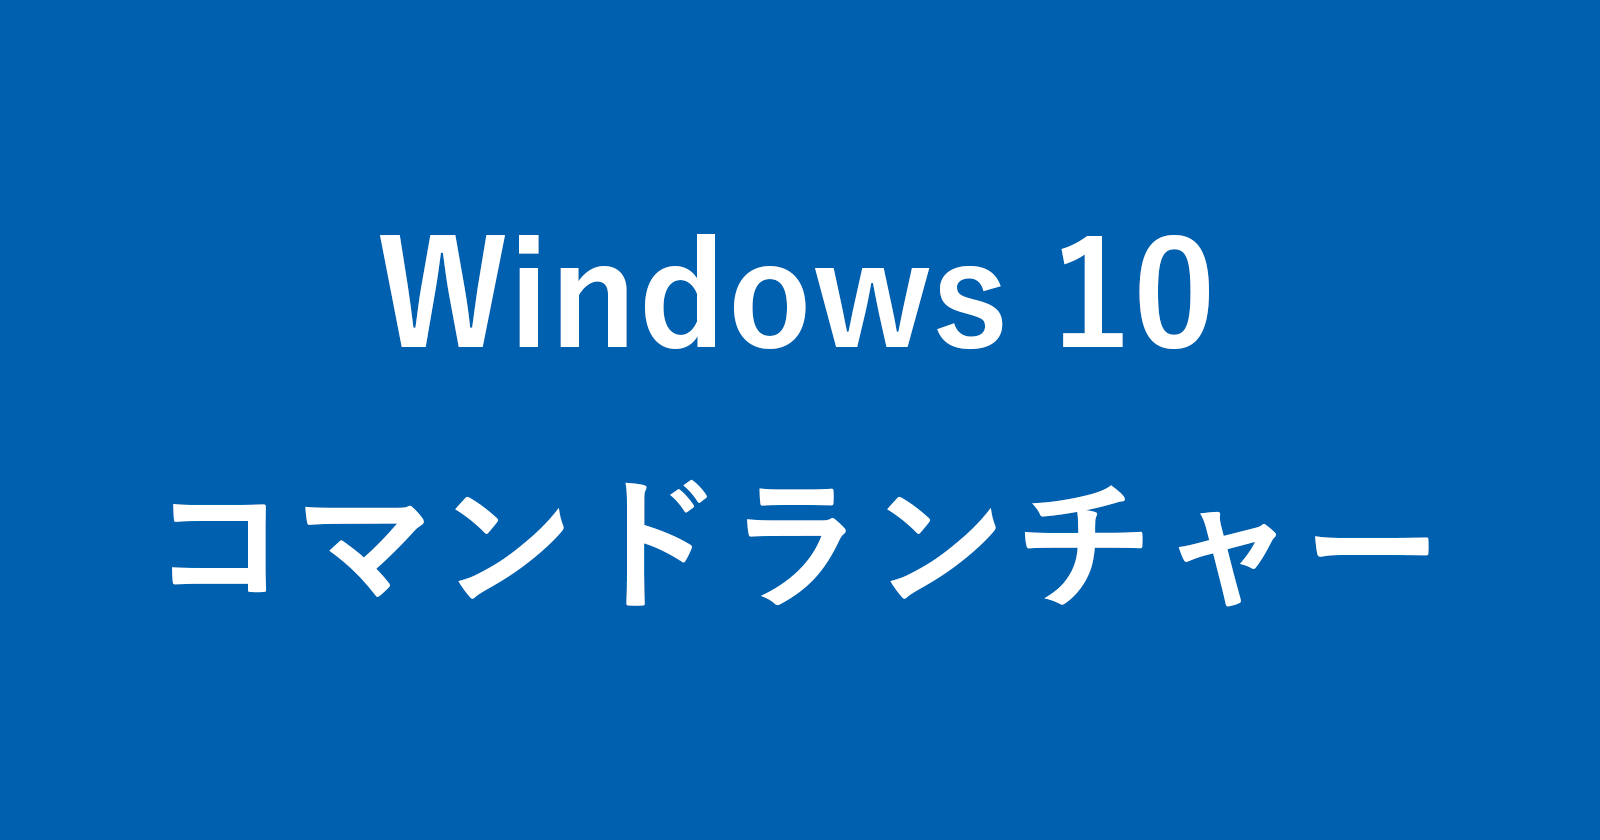 windows 10 command run
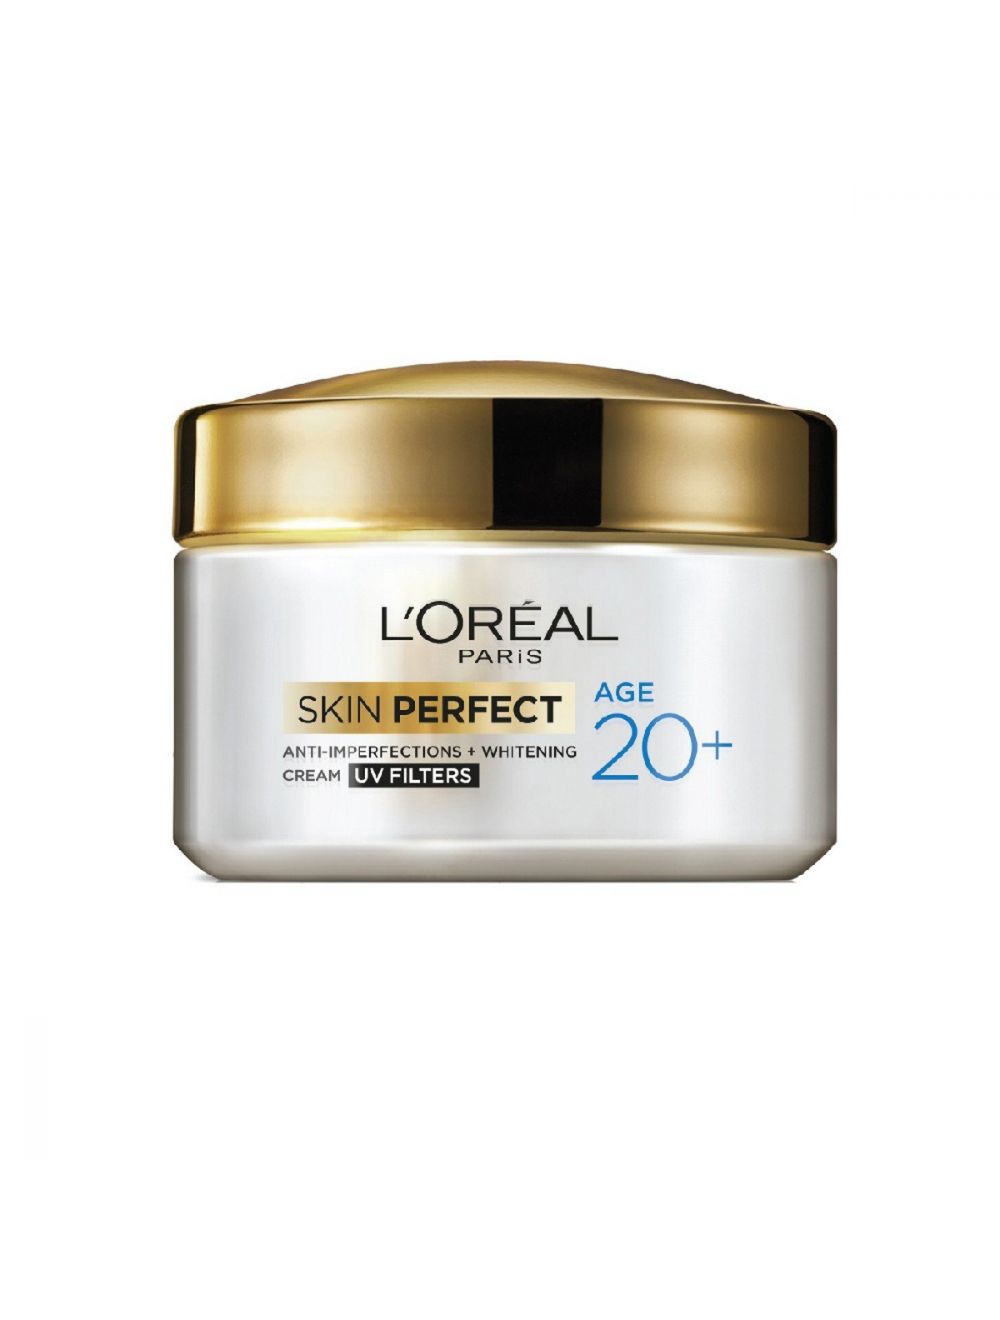 L'Oreal Paris Age 20+ Skin Perfect Cream UV Filters-50 gm - Niram
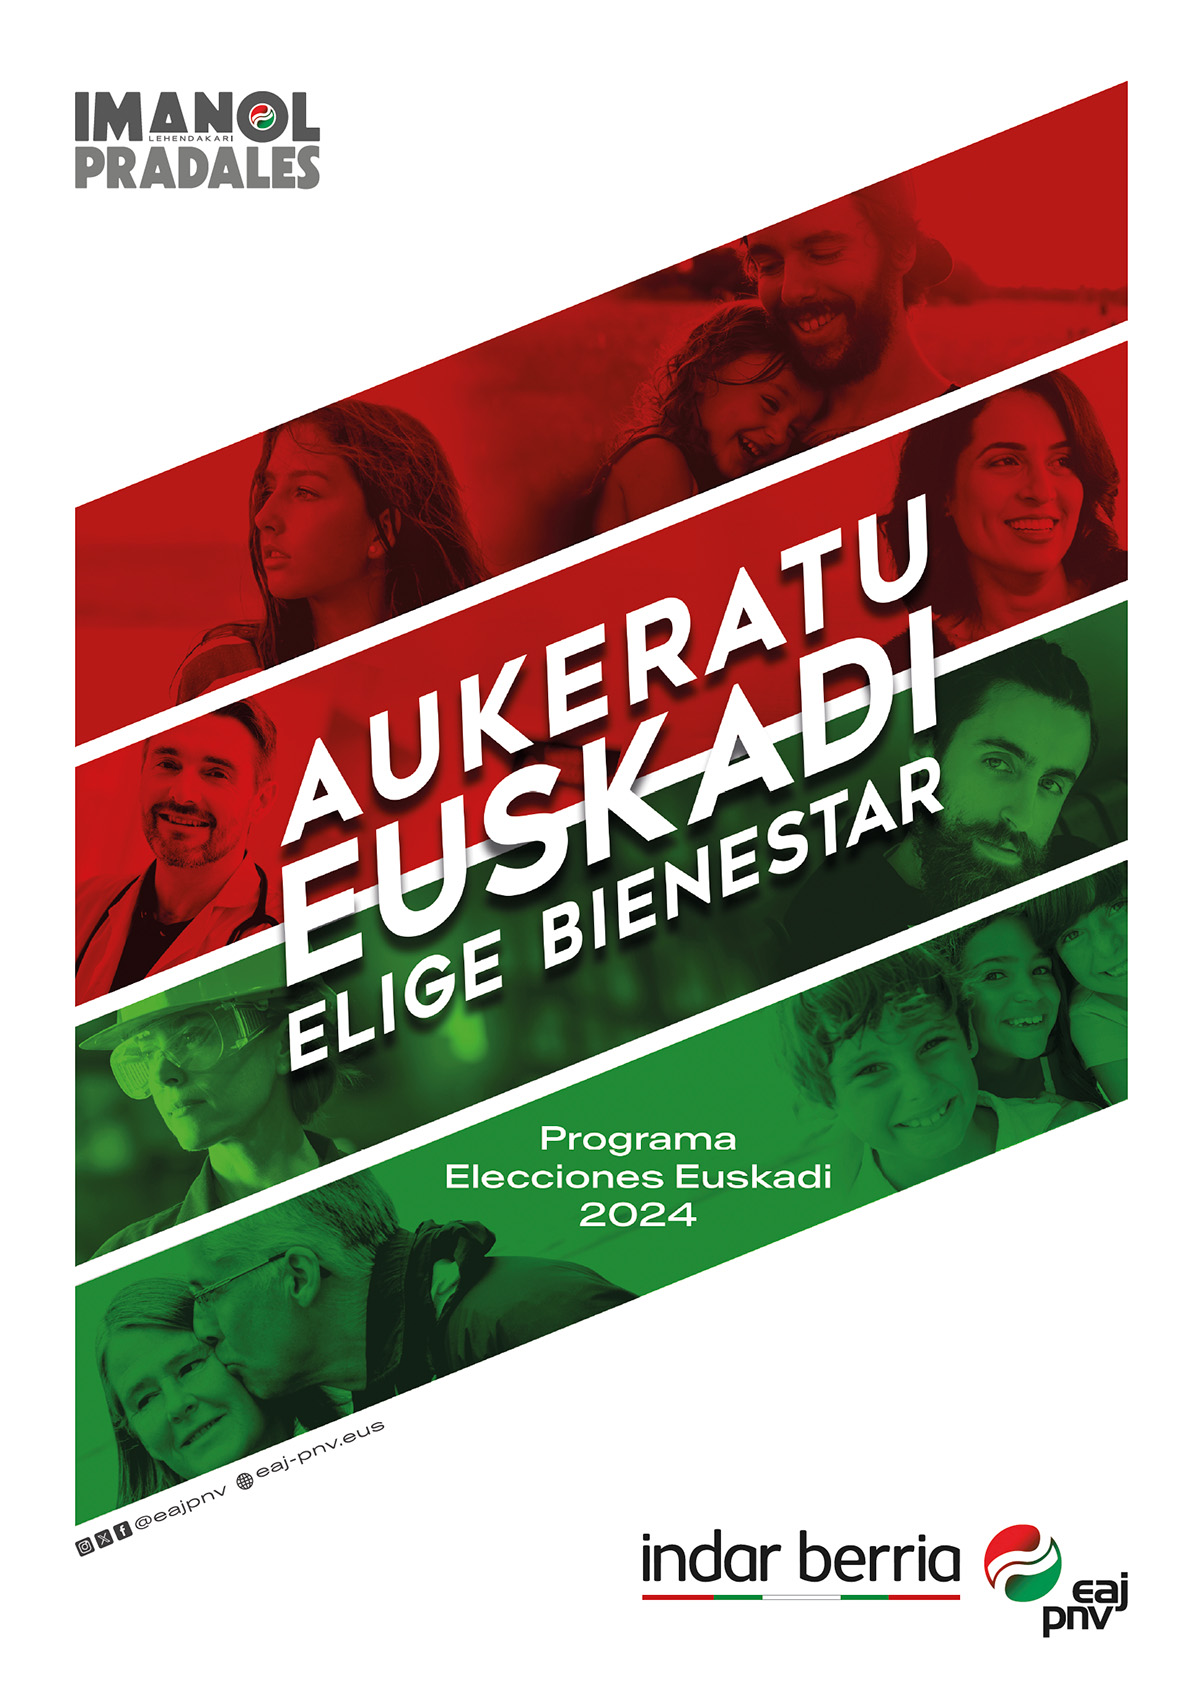 Aukeratu Euskadi Elige Bienestar
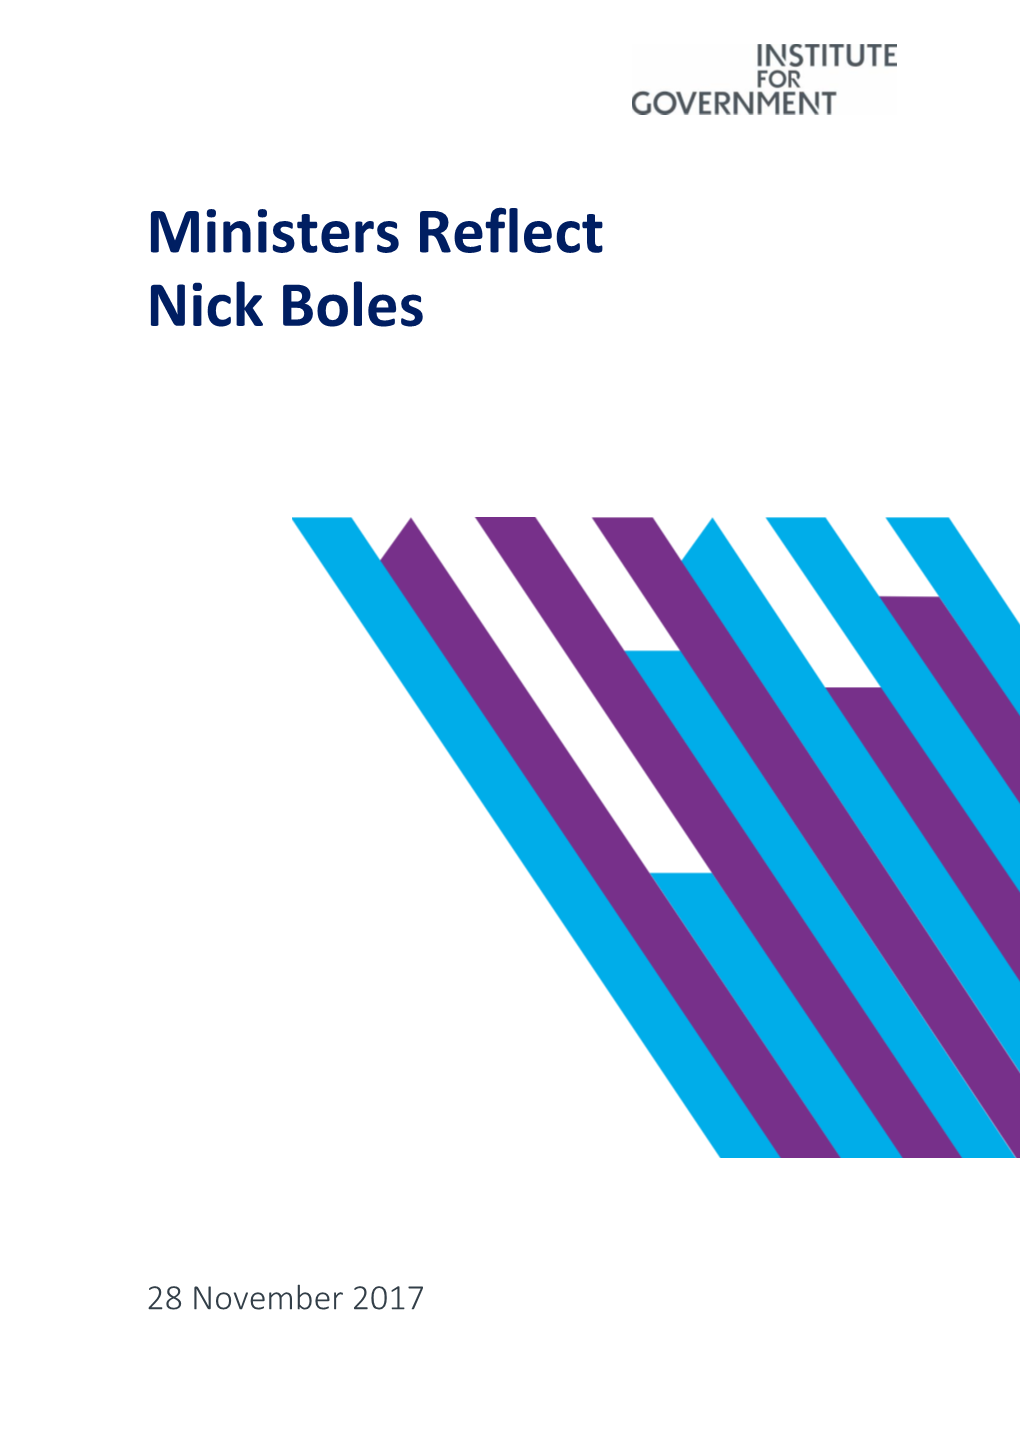 Ministers Reflect Nick Boles

WHAT TO WORK ON –
The listing above should be repeated word for word, pictures removed.

SOLUTION TO THE EXERCISE –
 windows 10 command run
 L'Oreal Paris Age 20+ Skin Perfect Cream UV Filters-50 gm - Niram
 Aukeratu Euskadi Elige Bienestar
 Ministers Reflect Nick Boles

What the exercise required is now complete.